LA UNIÓN Europea es comprensiva, espléndida y pragmática. Le perdona al Gobierno de Cuba su más de medio siglo de dictadura militar y lo recibe, con abrazos discretos pero cálidos y unos leves reparos formales, como a un viejo amigo descarriado que ha encontrado, por fortuna, el camino correcto. Es conmovedor.
En París, hace una semana, mediante una reunión de los cancilleres de Cuba y Francia, comenzó el fin de la llamada Posición Común, asumida por los países del Viejo Continente en 1996, que condicionaba el avance en materia de la cooperación y la normalización de las relaciones a que los jefes del régimen de la isla mostraran respeto por los derechos humanos.
Allá, lo que ha cambiado en ese tema, es el nombre de los presos políticos que están en las cárceles. La represión contra los opositores pacíficos es la misma del siglo pasado y, en los nuevos tiempos, se han añadido las golpizas semanales a las Damas de Blanco y un promedio de 300 arrestos arbitrarios cada mes. Lo que pasa es que el mundo civilizado vive con otras urgencias.
Aunque Cuba tiene, desde 2008, relaciones bilaterales con 15 países de la región y ha recibido unos 80 millones de euros en ayudas, las conversaciones en Francia le abren todas las puertas para obtener beneficios económicos y, en el plano político, pueden apreciarse como un intento de pasarle un poco de agua y jabón a su delantal enfangado.

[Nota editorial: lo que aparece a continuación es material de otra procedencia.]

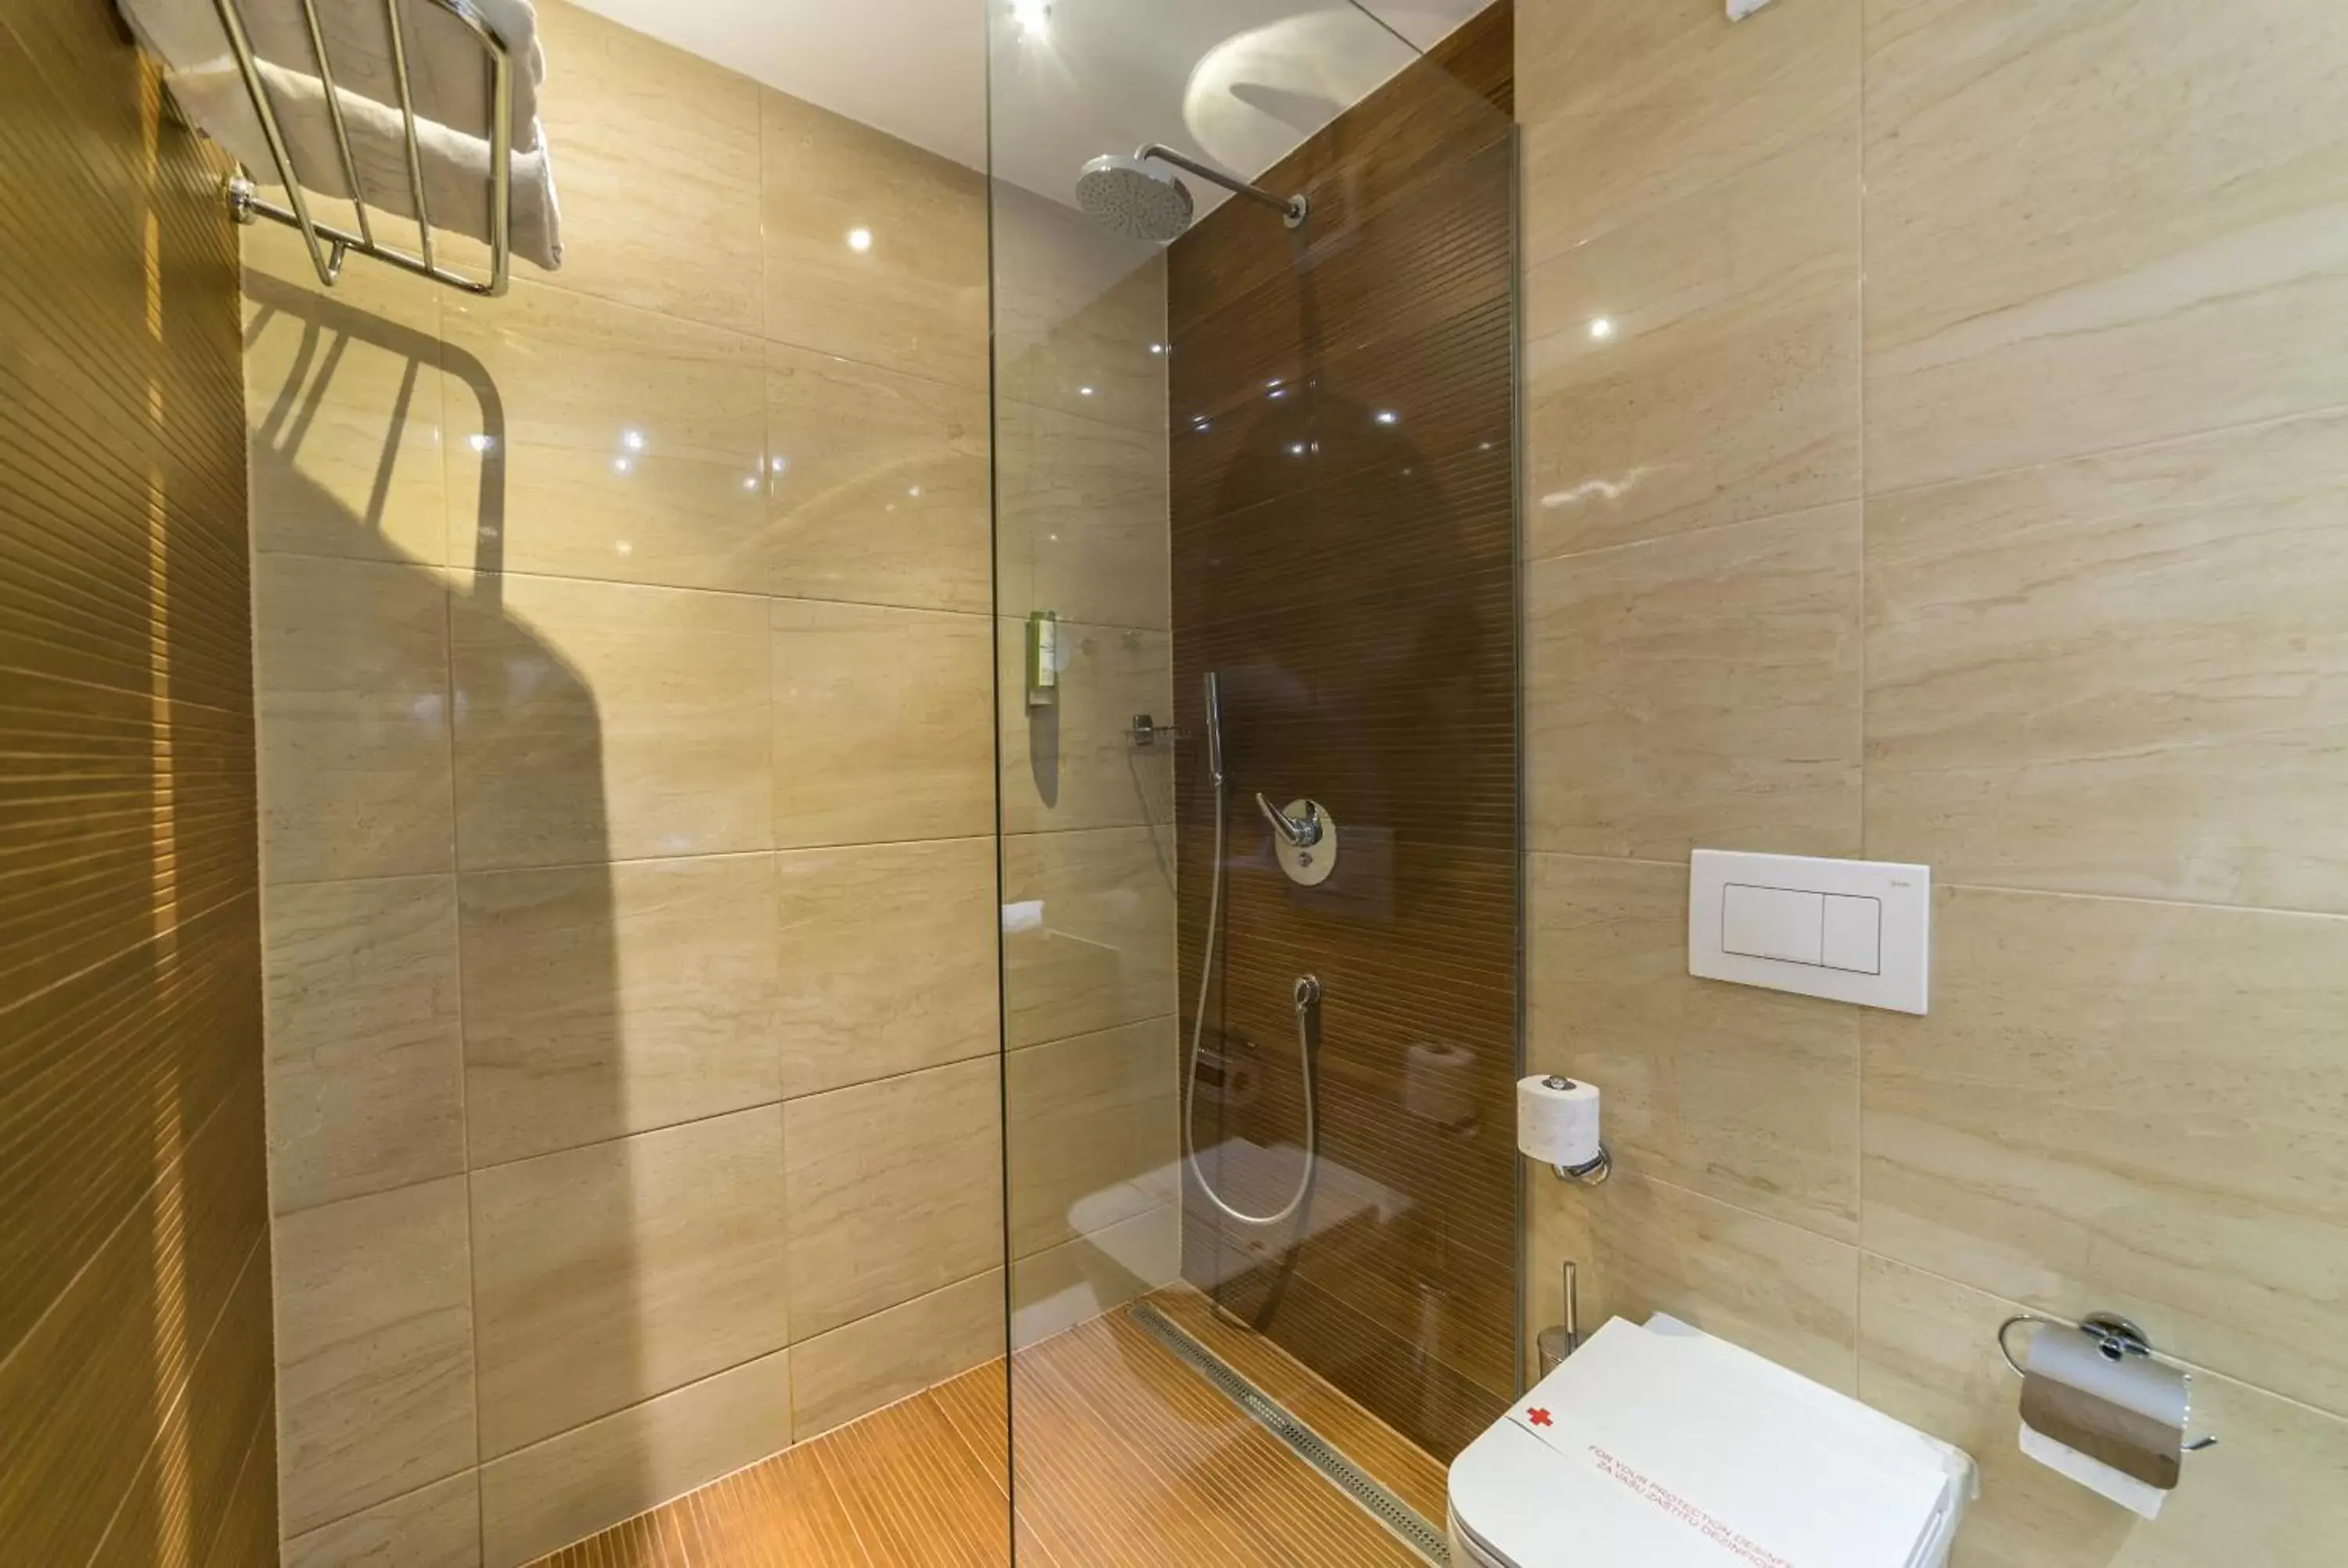 Bathroom in City Hotel Mostar

Es siniestro que el canciller Laurent Fabius sea el designado por la UE para llevar adelante el diálogo de recomposición de los contactos. El reconocido socialista galo escribió un artículo, en 2003, cuando la razia policial contra 75 opositores y periodistas cubanos, en el que se quejaba de «la extraña indulgencia» con la que su país trataba al «dictador» Fidel Castro.